The Honourable George J. Furey, Q.C.
Speaker of the Senate
"His life was an example of service, determination, and humility. Always fighting for equal rights for all races in our society, and doing so without malice, he changed attitudes and contributed greatly to the inclusiveness and tolerance of Canada today.”
That is what the Ontario legislature said of the late Honourable Lincoln MacCauley Alexander, the first black Member of Parliament, in a 2013 act designating January 21 as an official day to honour his life and legacy.
In 2014, Parliament voted to observe Lincoln Alexander Day nationally.
In recognition of this day, parliamentarians gathered on February 8, 2017 to pay tribute to the long and distinguished career of Lincoln Alexander and to mark the beginning of Black History Month.
“We celebrate the legacy of an extraordinary Canadian. We honour the life of a man from humble beginnings — whose career was ultimately defined by leadership, courage and service,”
Senate Speaker George J. Furey
First elected to the House of Commons in 1968, Alexander held his seat for four consecutive elections, serving a total of 12 years in Parliament. In 1979, he was appointed Minister of Labour, making him Canada’s first black cabinet minister. Following his political career, Alexander was sworn in as Ontario’s 24th lieutenant-governor — and the first black person to be appointed to a vice-regal position in Canada.
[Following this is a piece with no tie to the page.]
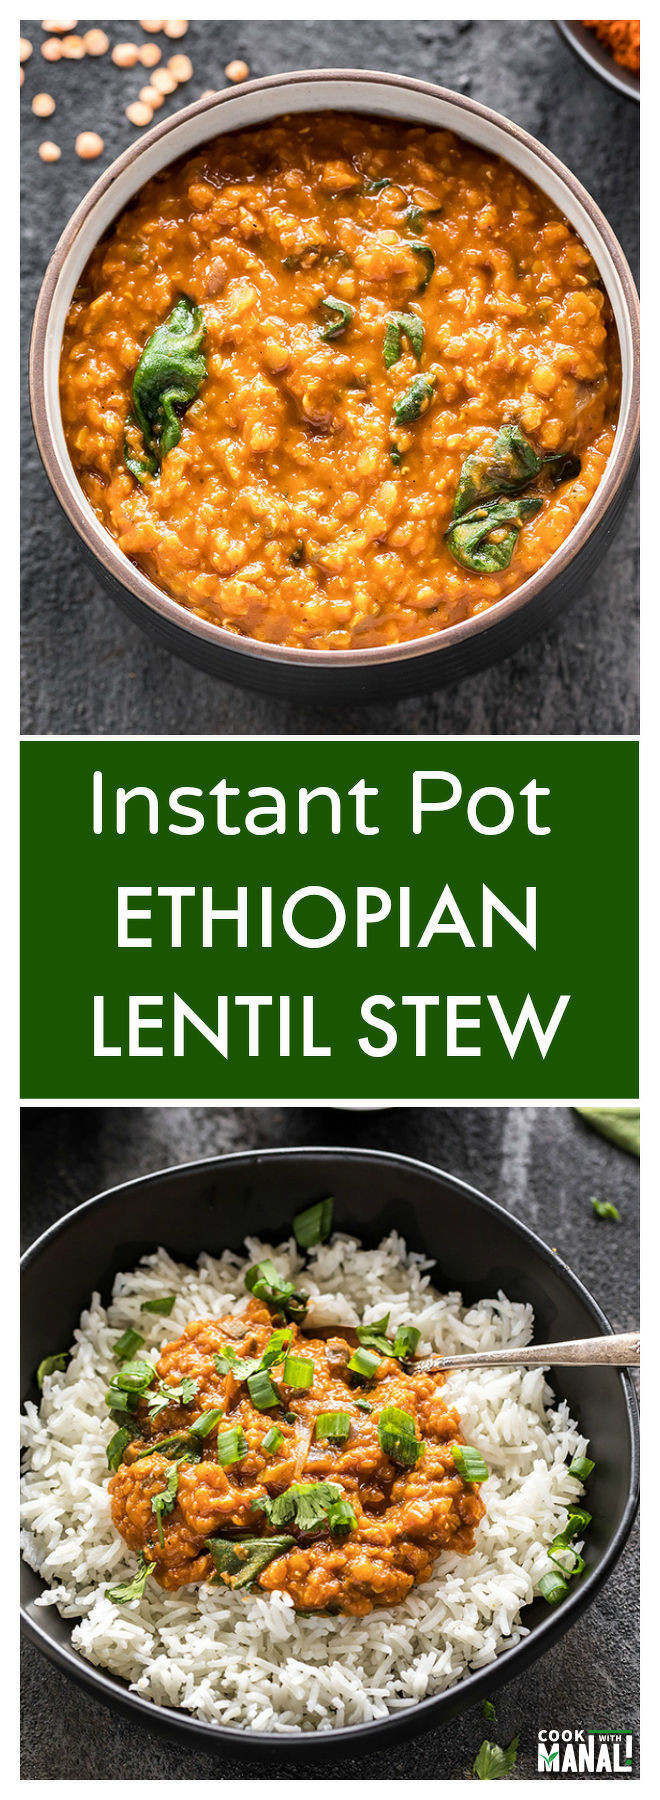 Lentil Stew Instant Pot
 Instant Pot Ethiopian Lentil Stew Cook With Manali

Throughout his illustrious career, Alexander championed causes that made Canada a more inclusive and integrated society.
“He is remembered not only for his impressive achievements, but also for his relentless crusade to break down barriers for visible minorities in the country,” said Speaker Furey.
“A great altruist, Lincoln Alexander advanced the cause of education, race relations and youth issues in Canada.”
The event was one of many celebrations on Parliament Hill honouring of the legacy of black Canadians, past and present, whose contributions help shape our nation.